AUGUSTA – Today, Senate President Troy Jackson, D-Allagash, Senate Majority Leader Eloise Vitelli, D-Arrowsic, Sen. Cathy Breen, D-Falmouth, and Sen. Ned Claxton, D-Auburn joined patients, health care providers and advocates to unveil the Making Health Care Work for Maine package. The suite of bills targets outrageous health care spending, unsupported and extreme prescription drug prices, and price transparency.
“In the middle of a once-in-lifetime pandemic, pharmaceutical companies have continued to raise the price of lifesaving medication. ‘Big Pharma’ doesn’t need a reason to jack up prescription drug prices. They do it because they can. That’s why in the Maine Legislature, we are taking things into our own hands,” said President Jackson. “Mainers deserve a health care system that works for them, not against them. And we know better than to wait for the federal government to act or for wealthy corporations to do what is right. With the Making Health Care Work for Maine package, more Maine families will get the care and lifesaving medication they need without spending their life savings.”
The Making Health Care Work for Maine package includes:
- LD 120, “An Act To Lower Health Care Costs through the Establishment of the Office of Affordable Health Care” from President Jackson would rein in costs by identifying what is driving sky-high prices. It also aims to limit increases in the amount we pay for health care annually.
- LD 1117, “An Act To Prevent Excessive Prices for Prescription Drugs” from President Jackson would protect Mainers from price gouging. This bill focuses on the outrageous, headline-grabbing spikes on generic medication or off-patent drugs that have been on the market for years with no new developments.
- LD 686, “An Act To Increase Prescription Drug Pricing Transparency” from Sen. Vitelli would allow the Maine Health Data Organization to share the information they’ve collected from drug companies with the public. With this information, lawmakers can understand how and why drug companies are taking advantage of working people and pass targeted legislation to close loopholes and rein in costs.
- LD 675, “An Act To Protect Maine Consumers from Unsupported Price Increases on Prescription Medicines by Creating an Independent Review Process” from Sen. Claxton, a retired family doctor, would prohibit the sale of drugs whose prices have increased where there was inadequate evidence to support those increases.
- LD 673, “An Act To Create the Insulin Safety Net Program” from Sen. Breen, would provide a lifeline to Mainers with diabetes, especially those who don’t have state-regulated health care plans when they need an emergency supply of insulin. Mainers with diabetes would be able to get an emergency 30-supply of insulin at their pharmacy for $35.

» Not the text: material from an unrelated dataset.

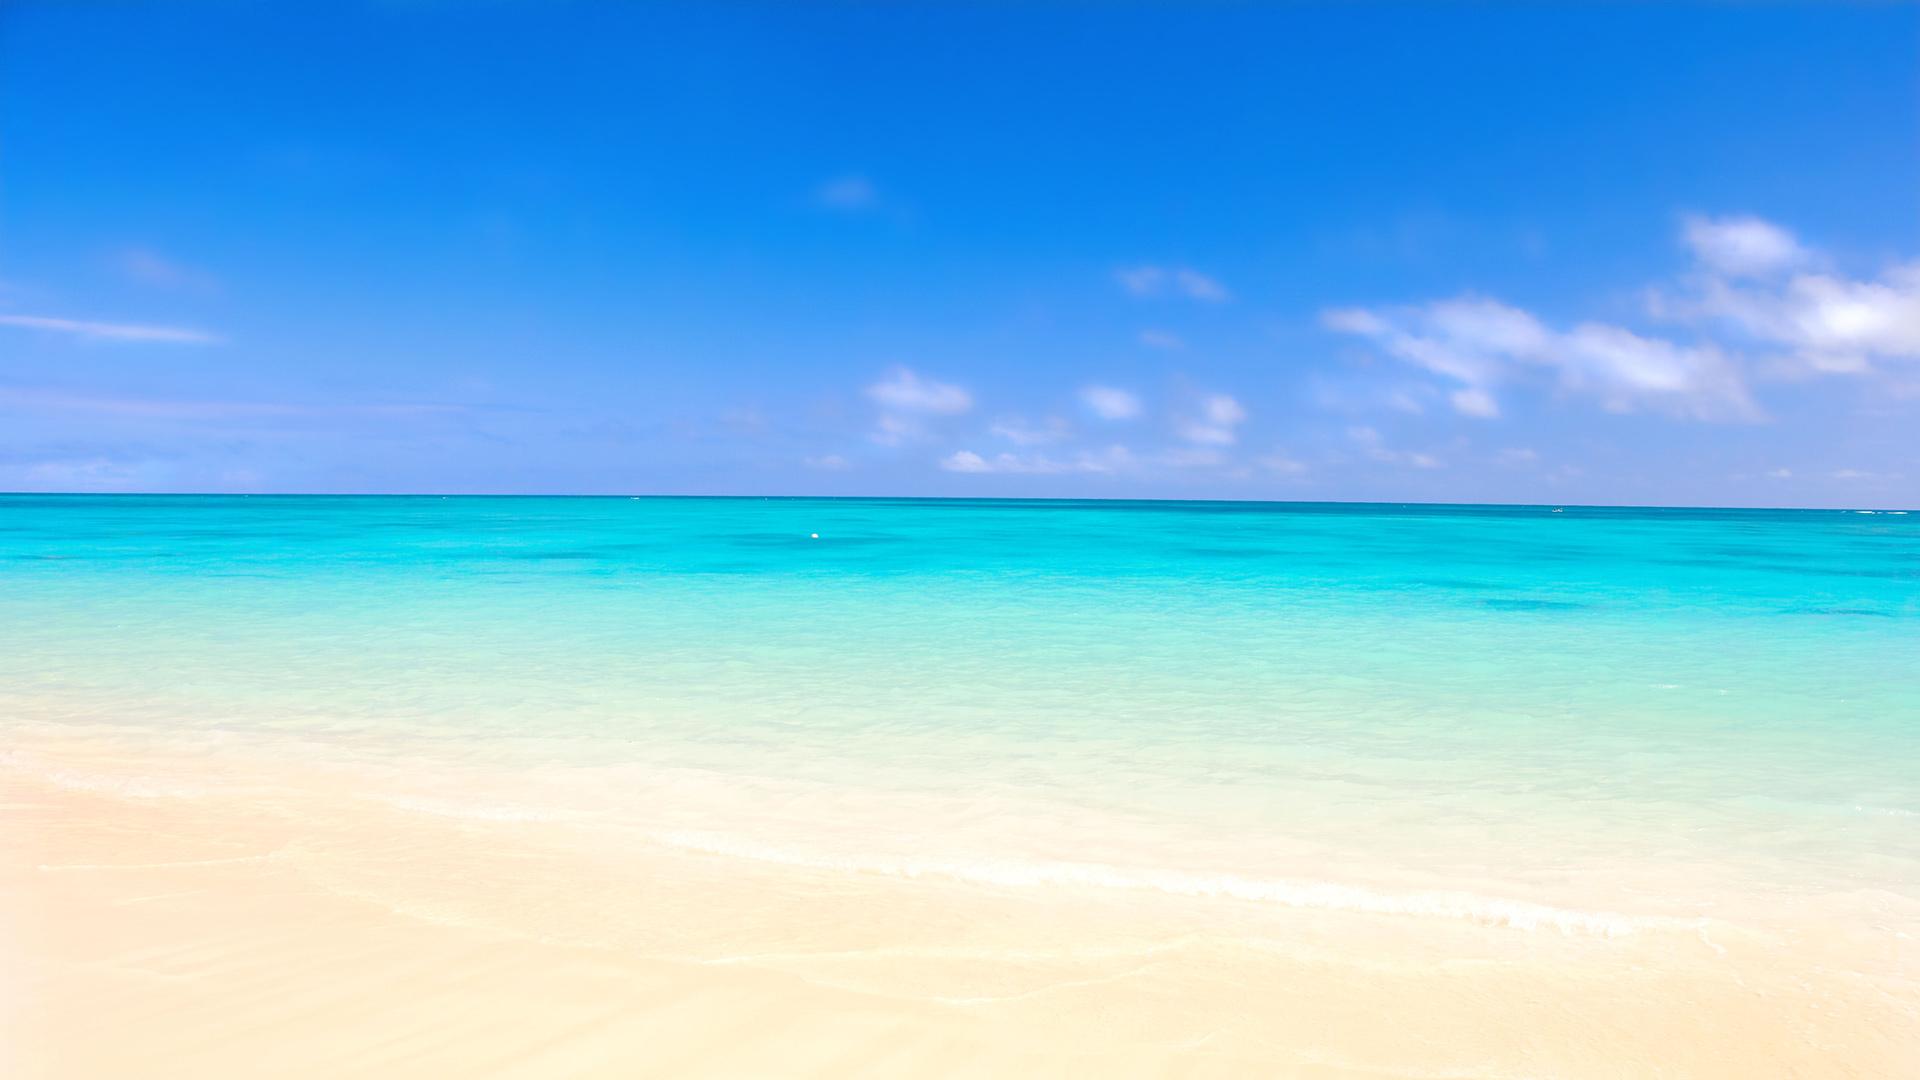 sky sea beaches - photo #35

“For years, pharmaceutical companies have kept the drug pricing process purposefully in the dark, leaving consumers with no choice but to pay up or lose out. However, in Maine, we believe that sunshine is the best disinfectant,” said Sen. Vitelli. “It’s why we’ve led the nation on drug price transparency laws. It’s a good start, but we can’t let up, especially when the people in our communities are still struggling. We believe that consumers have a right to know what they are paying for.”
“For me, a particularly hard part about caring for my patients was dealing with the high price of prescription medication. It’s hard when the only thing standing in the way of your patient’s recovery or improvement is the price of their medication,” said Sen. Claxton. “As a doctor, I worked hard to help my patients deal with the high cost of prescription drugs. Now, as a state senator, I’m working with my colleagues to get my constituents and former patients meaningful relief.”
“Too many Maine families and individuals with Type 1 diabetes were already living financially on the edge due to the outrageous cost of insulin in this country. The COVID-19 pandemic only makes things worse,” said Sen. Breen. “There’s no question that the pharmaceutical industry is in desperate need of reform, especially when it comes to 100-year old drugs like insulin. Putting an end to the insulin racket won’t happen overnight. As we work to rein in prescription drug prices both at the state and federal level, my bill is about saving lives now.”
The cost of medication is 256 percent higher in the U.S. than in at least 23 other countries. According to reports from before the COVID-19 pandemic, one in seven Mainers reported skipping treatment or care because the costs were too high.
The Legislature’s Health Coverage, Insurance and Financial Services Committee will hold public hearings on all five bills in the coming weeks.